There’s also a modest cholesterol-lowering signal. In one human study, gellan gum consumption reduced serum cholesterol by an average of 13% in women and 12% in men. These are early findings and not a reason to start taking gellan gum as a supplement, but they suggest it’s more helpful than harmful in the amounts people typically eat.
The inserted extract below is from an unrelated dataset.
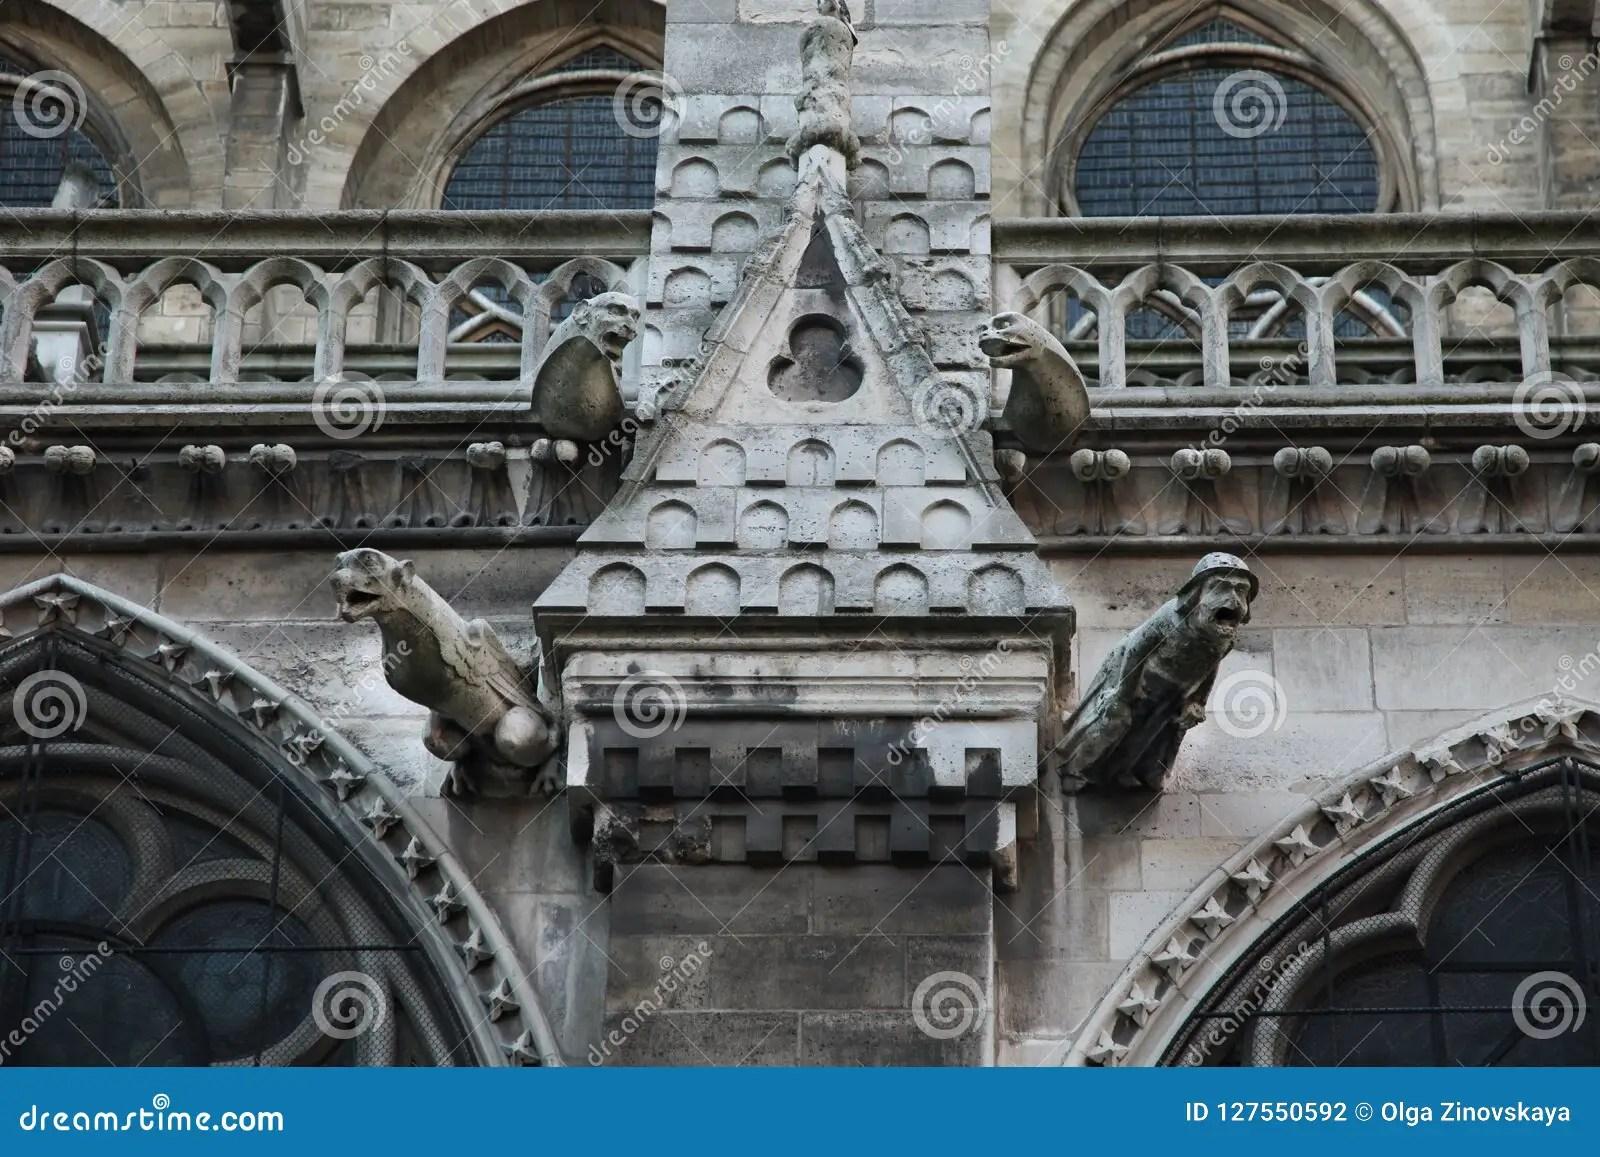 Decoration Notre Exterior Dame Paris De

How It Compares to Carrageenan
Gellan gum often gets lumped in with other food gums, especially carrageenan, which has a more controversial safety profile. The two are quite different. Degraded carrageenan has been shown in animal studies to trigger intestinal ulceration, increase gut permeability (“leaky gut”), reduce bacterial diversity, and activate inflammatory signaling pathways in the intestinal lining. None of these effects have been documented with gellan gum.
In fact, a review in the journal Nutrients noted that the functions carrageenan serves in food can be achieved using alternatives like gellan gum, xanthan gum, or guar gum. If you’re specifically trying to avoid carrageenan due to gut sensitivity or inflammatory bowel concerns, gellan gum is considered a safer substitute.
Who Might Want to Be Cautious
For most people, gellan gum in food is a non-issue. The populations with the least data are infants and people with severe gastrointestinal conditions like active IBD. Gellan gum is permitted in certain infant formulas in the EU, and no specific safety concerns have been raised for that use, but the overall body of research in very young children is smaller than in adults. If your infant is on a formula containing gellan gum and tolerating it well, the current evidence suggests that’s fine. If you notice digestive changes, switching formulas is a reasonable step to discuss with your pediatrician.
People with irritable bowel syndrome or similar conditions sometimes report sensitivity to various food additives. Because gellan gum can have mild laxative properties at higher doses, it’s worth paying attention to how your body responds if you’re already prone to loose stools. But there’s no evidence it causes inflammation or damages the gut lining the way some other additives can.